=== Supplied information ===

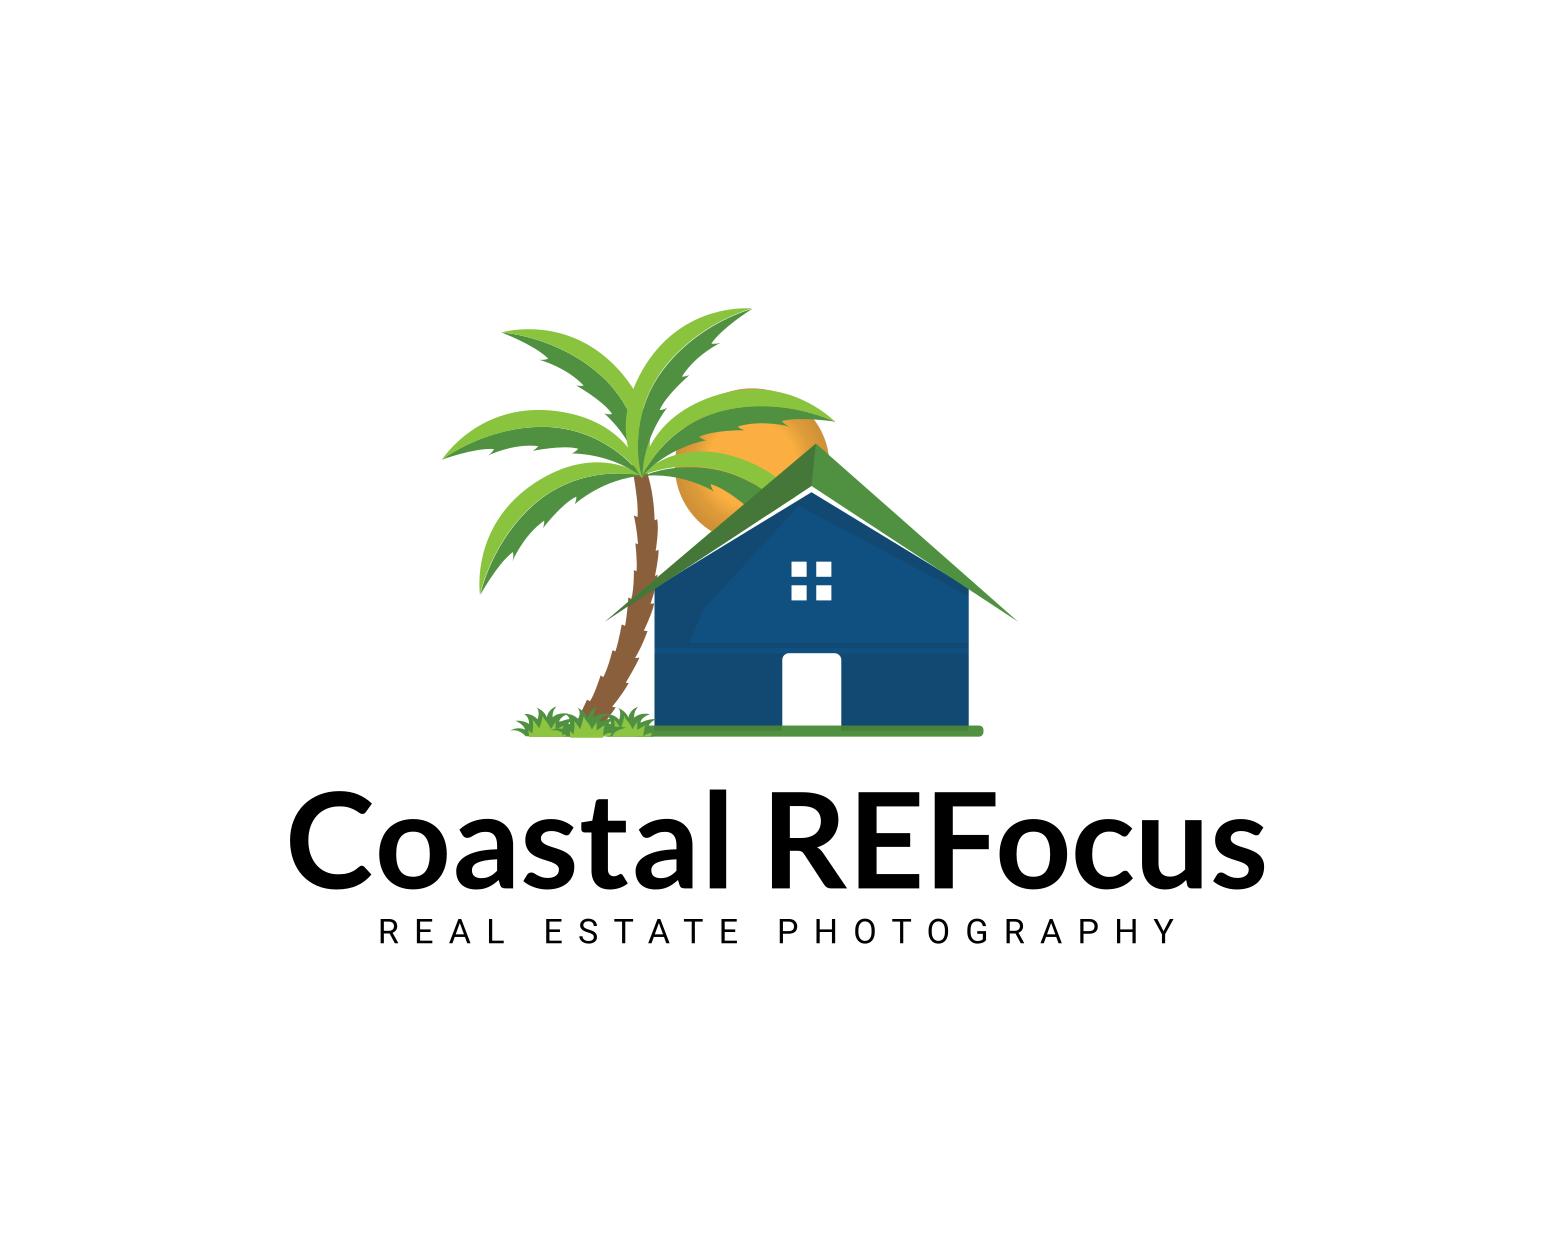 Coastal REFocus floor plan in Garden City Beach Murrells Inlet Myrtle Beach Pawleys Island Surfside Beach
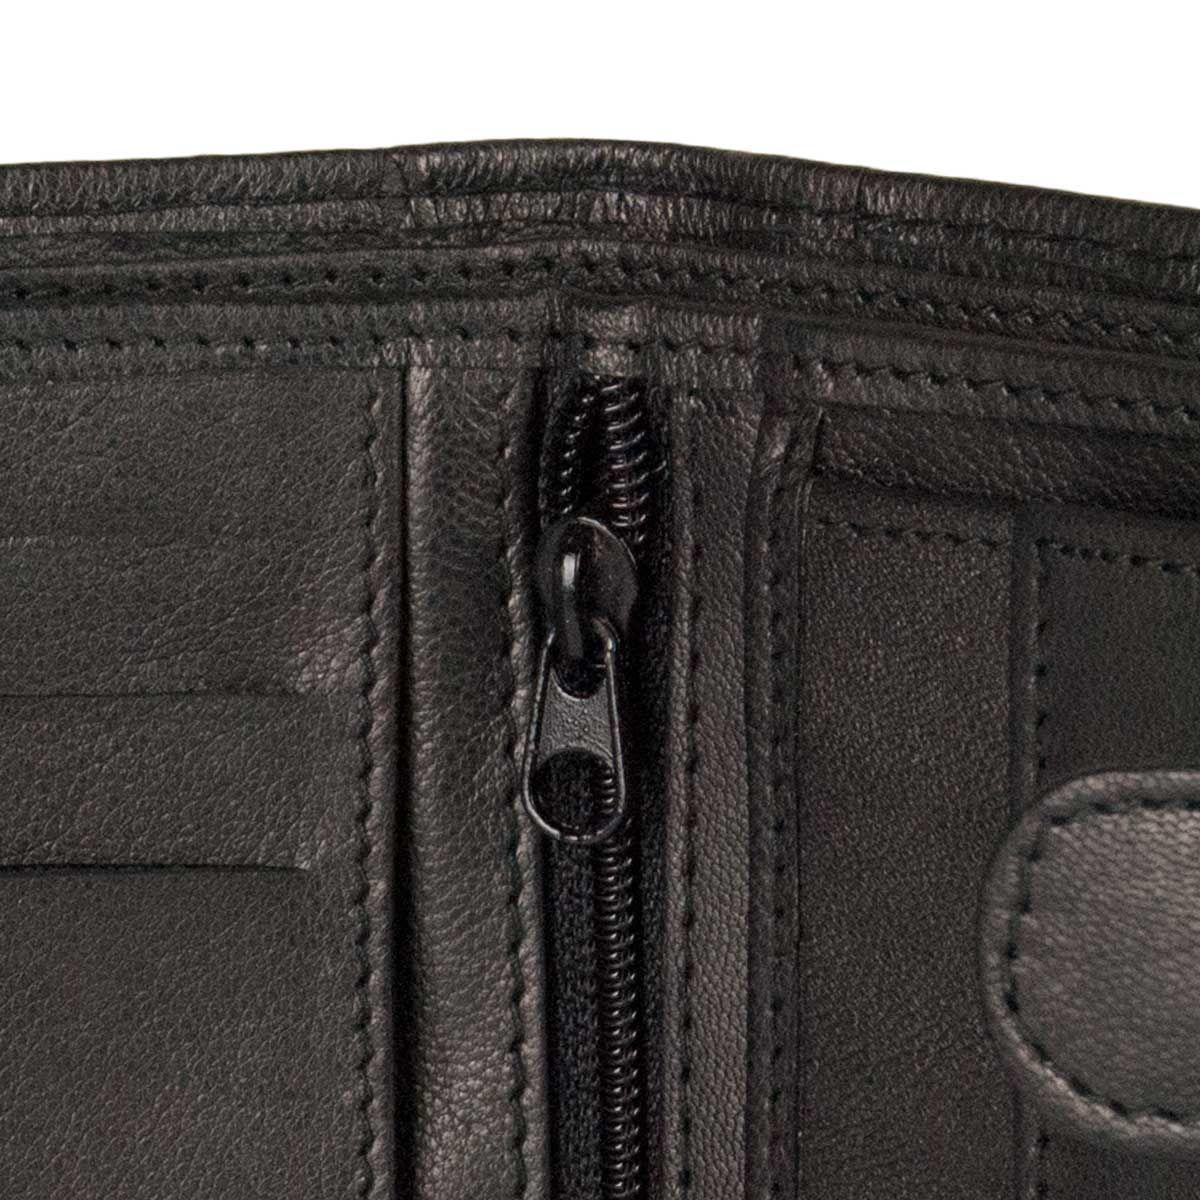 Montevita Leather Wallet in Black
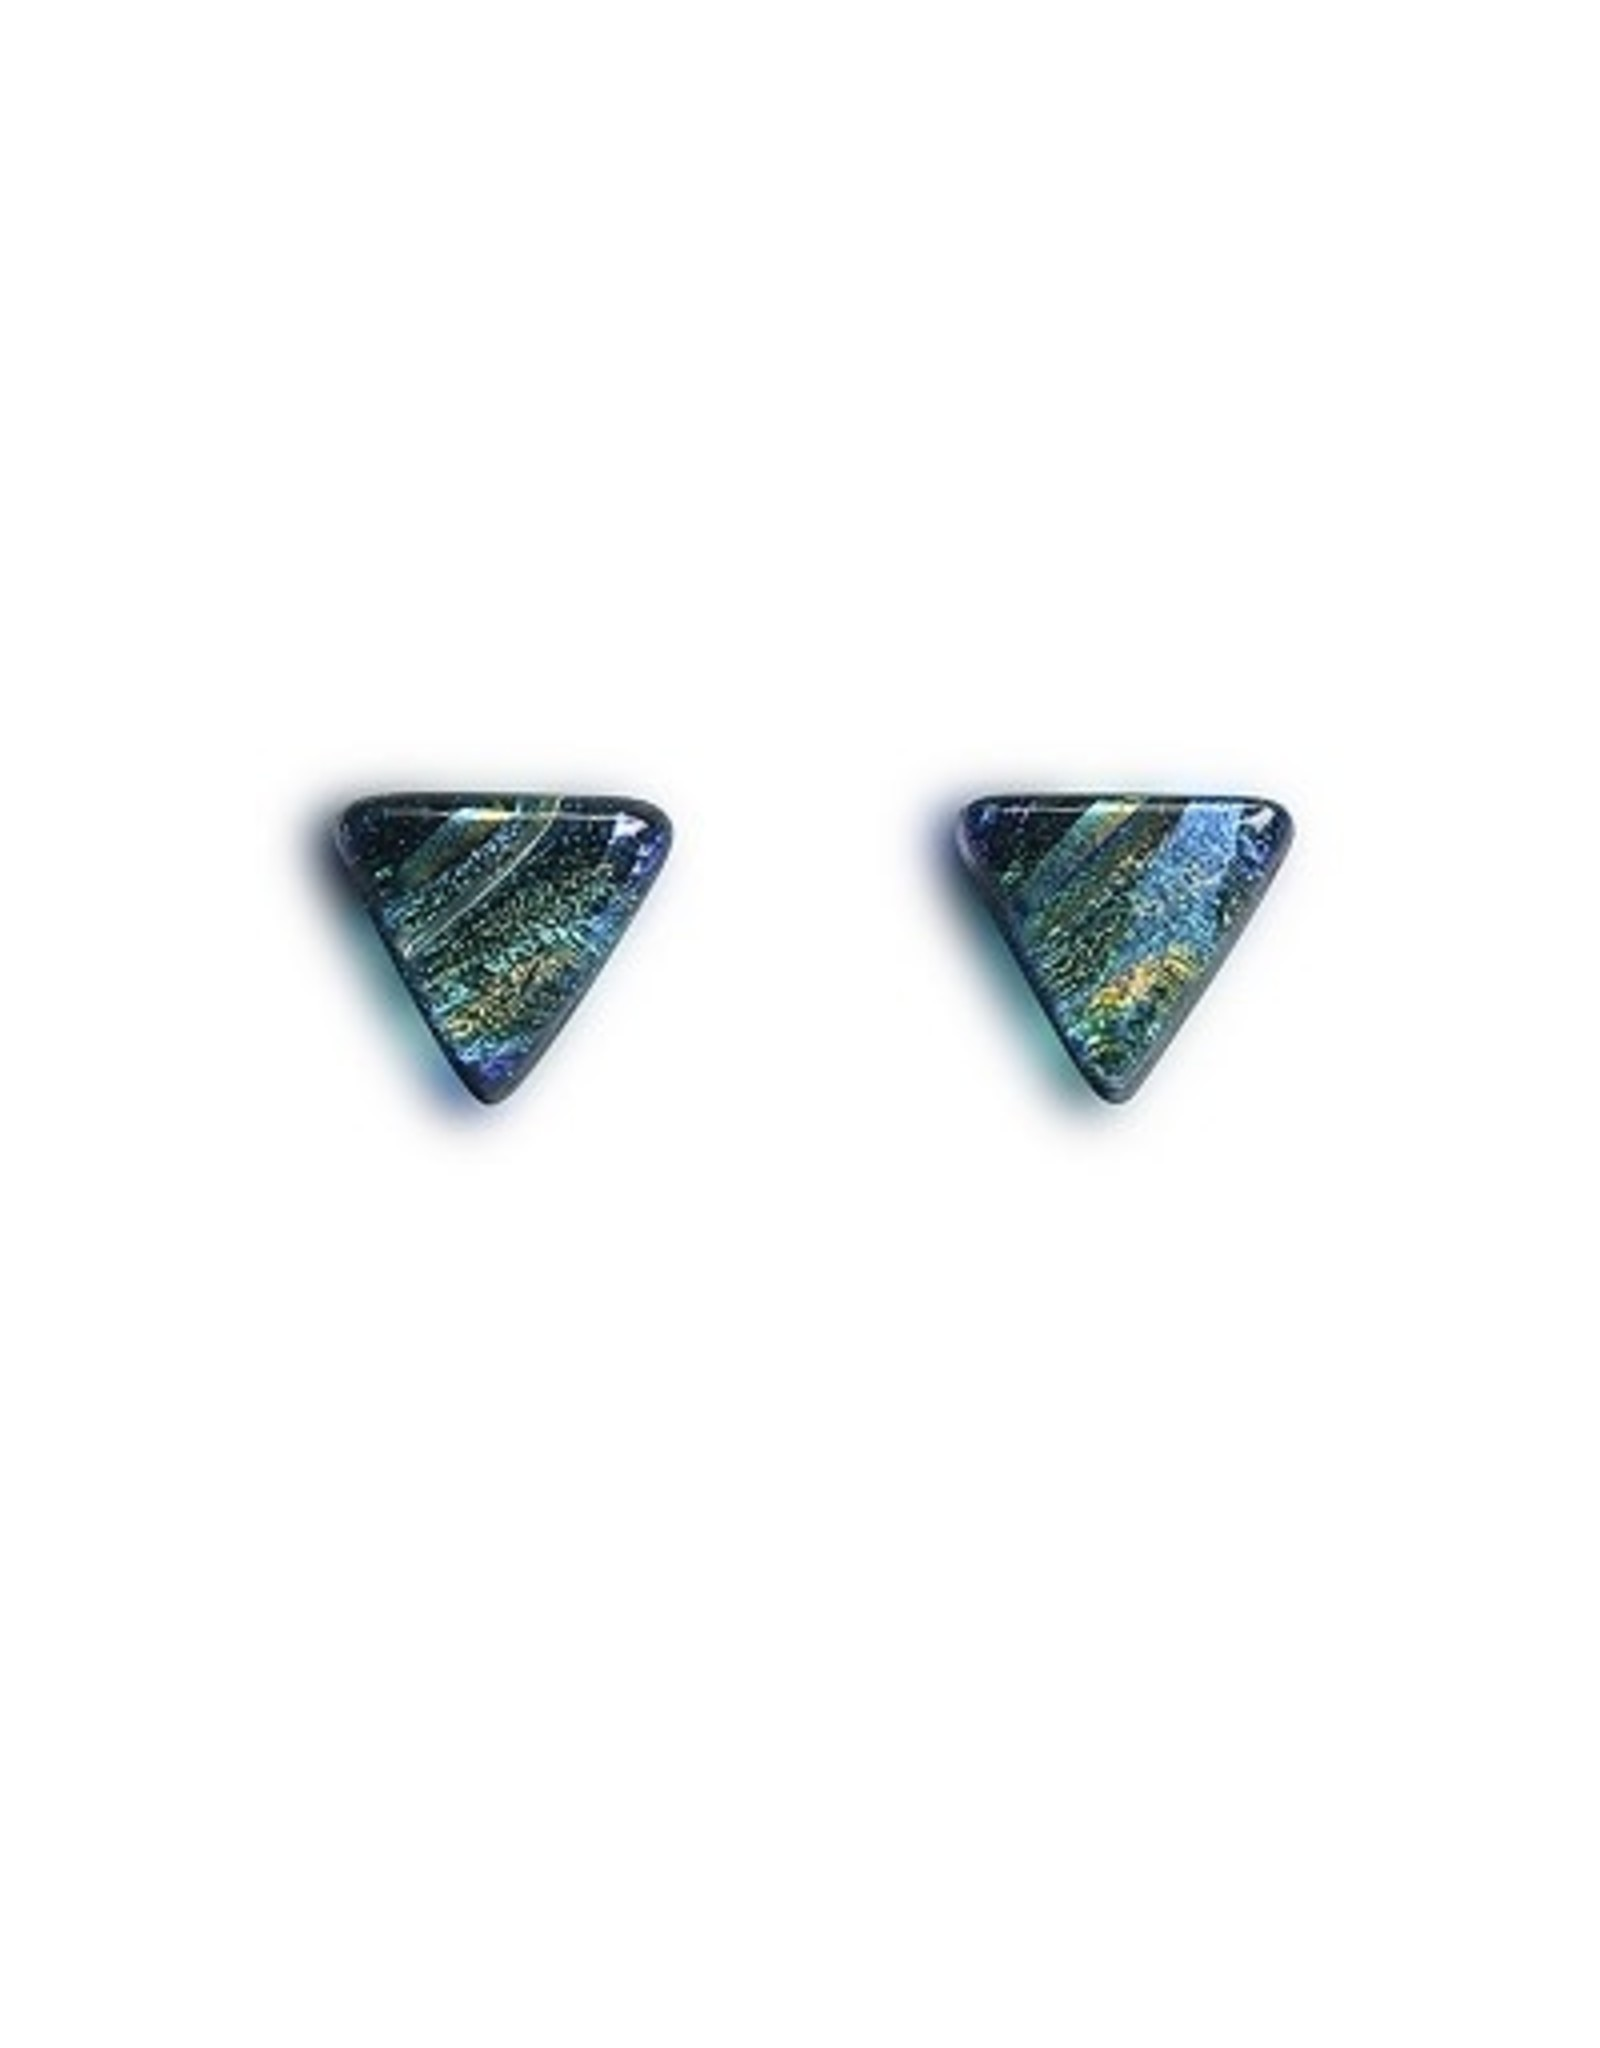 Renaissance Glass RENAISSANCE POST EARRINGS (Dichroic Art Glass, Assorted Colors, #220, FRAT)

===

Take the lines from the one holding "Montevita Leather Wallet in Black" through the last line of the data above and copy them exactly, both ends included, omitting all pictures.

 Montevita Leather Wallet in Black
 Renaissance Glass RENAISSANCE POST EARRINGS (Dichroic Art Glass, Assorted Colors, #220, FRAT)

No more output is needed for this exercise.